Let's try to smooth out this border. Take a small bunch of white wool, tangle it slightly in your hands, and shape it into a cloud.


Now we roll this cloud onto the junction of the paw and body, thereby smoothing out the border.


Here's what we got:


And a side view:


Let's start felting the front legs of the husky.

We take two identical bundles of wool, use a middle needle or a “crown” to fold one of the ends of each bundle. We work with the paws in parallel.


Now we begin to form the foot. We slightly bend the part and repeatedly poke it with a needle at the bend.


We should have two parts:


We bring the front legs to the body. It is better to first find a position in which the puppy sits and does not fall over.


Here's what happens:


Let's start coloring. The fun begins :)

To begin, we fill the nose with rough wool. I usually first take a fiber of wool and roll it along the contour of the spout, and then fill the void inside with a tuft of wool.

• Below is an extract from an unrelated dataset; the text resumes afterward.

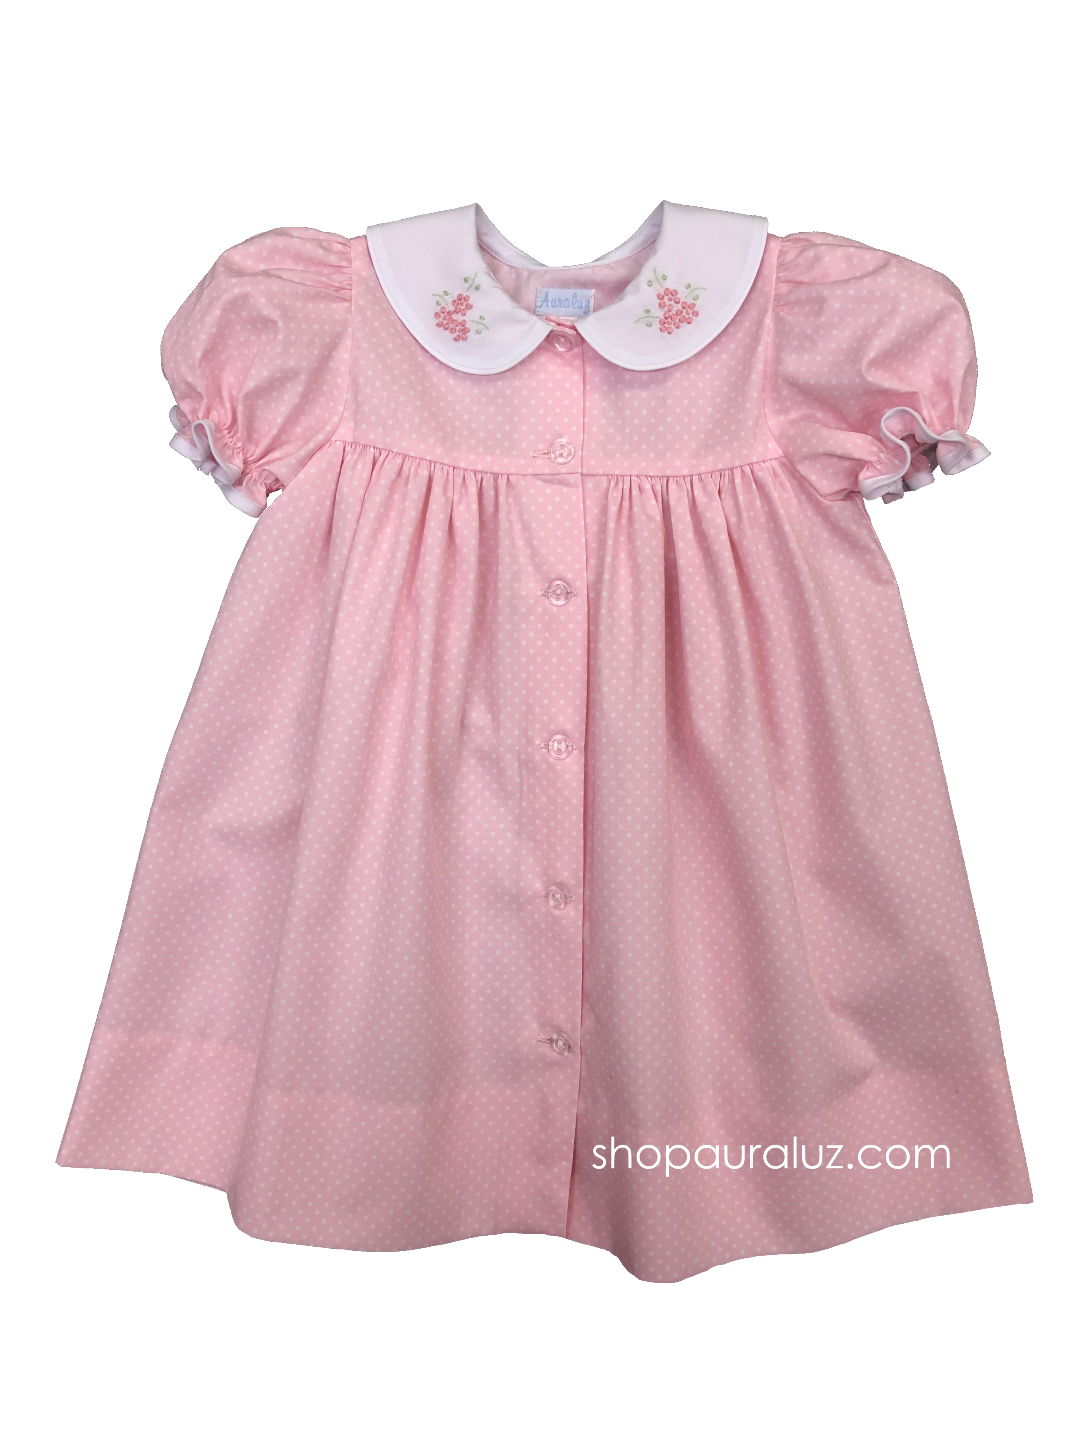 Auraluz Dress...Pink/white polka dots, button-front, white p.p. collar and embroidered flowers-STORE EXCLUSIVE!

We roll the dog with gray wool in those places where it is necessary. It is better to have a photograph of a husky in front of your eyes during this process. We roll the wool with a thin needle. I chose dark gray wool. The point is that we will “fluff” the toy with a reverse needle. The reverse needle pulls out individual hairs from the toy. We made the base from white wool, which means that after processing with a reverse needle, the toy will become lighter.

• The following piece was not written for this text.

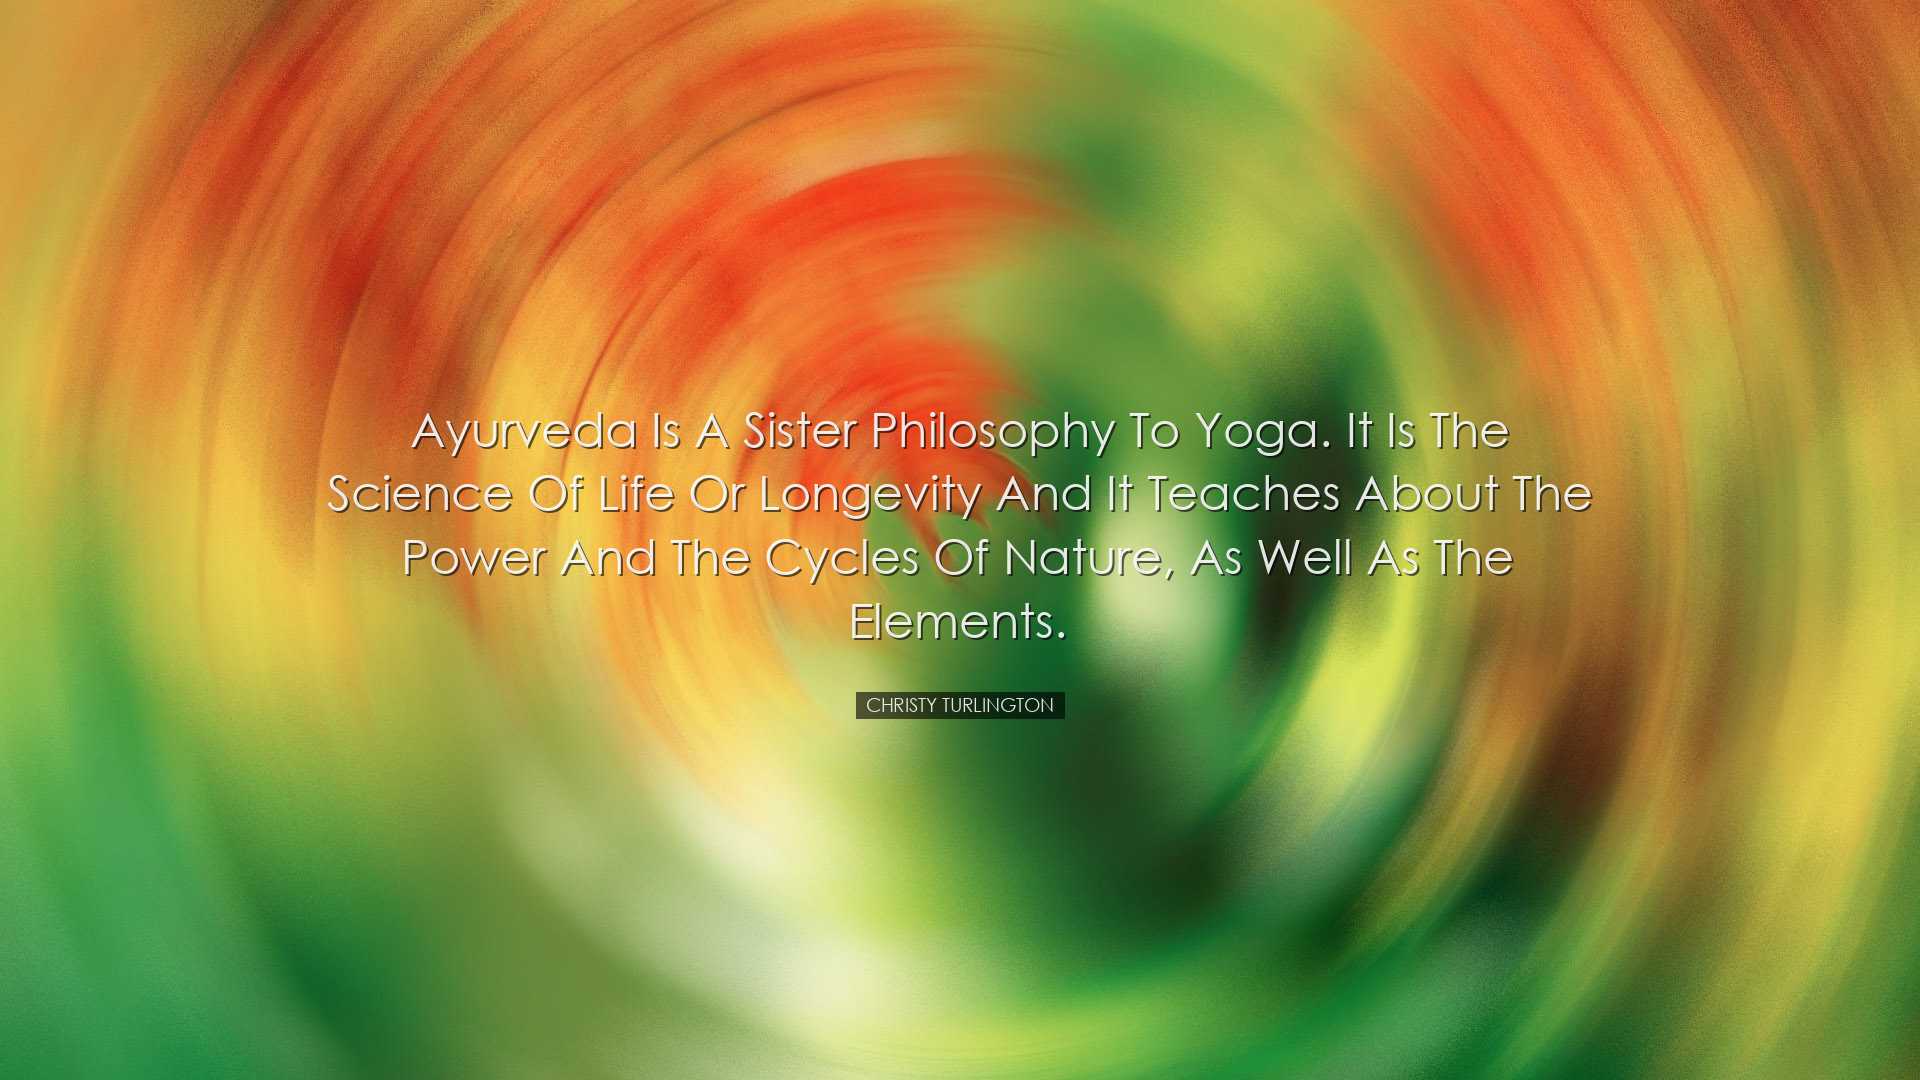 Ayurveda is a sister philosophy to yoga. It is the science of life

The toy is already becoming like a husky :)


And the top view:


There is very little left.

Let's make a ponytail. Take a bunch of white wool and give it a cone shape. We fold the end of the bundle.


We wrap the tail with gray wool.


Using a sponge, roll the gray wool onto the white one and give the bun the shape of a ponytail. There is no need to felt the top end.


We roll the tail to the body. Again, experiment with the position of the ponytail. If you have slightly miscalculated the position of the paws and the husky is not sitting very confidently, the correct position of the tail will help correct this.


The tail is curled!


Now let's make the fingers. We will work with a “corona” needle.


p>I made the eyes from self-hardening clay. You can purchase ready-made eyes for toys or try making them yourself. We make “cakes” from clay and let them dry. Then use fine sandpaper or a nail file to remove any unevenness. Use a pencil to outline the pupils and iris. We paint the eyes with paints (first we apply the main tone - blue - then we draw the pupils and only after that, when the paint has dried, we draw the highlights). Cover the eyes with varnish.

While the eyes are drying, we will make indentations for the eyes on the husky's face. I do this with a needle number 38. Black wool can be used to slightly shade the line of the mouth.


Place a drop of Moment Crystal glue on the back of the eye and place it in the recesses.


Let's do the eyebrows. To do this, take a small bunch of white wool.


We roll this bunch over the eye. We work with a thin needle.


Using black wool we make stripes on the muzzle:


Now let's make the toy fluffy. To do this, we will use a reverse needle.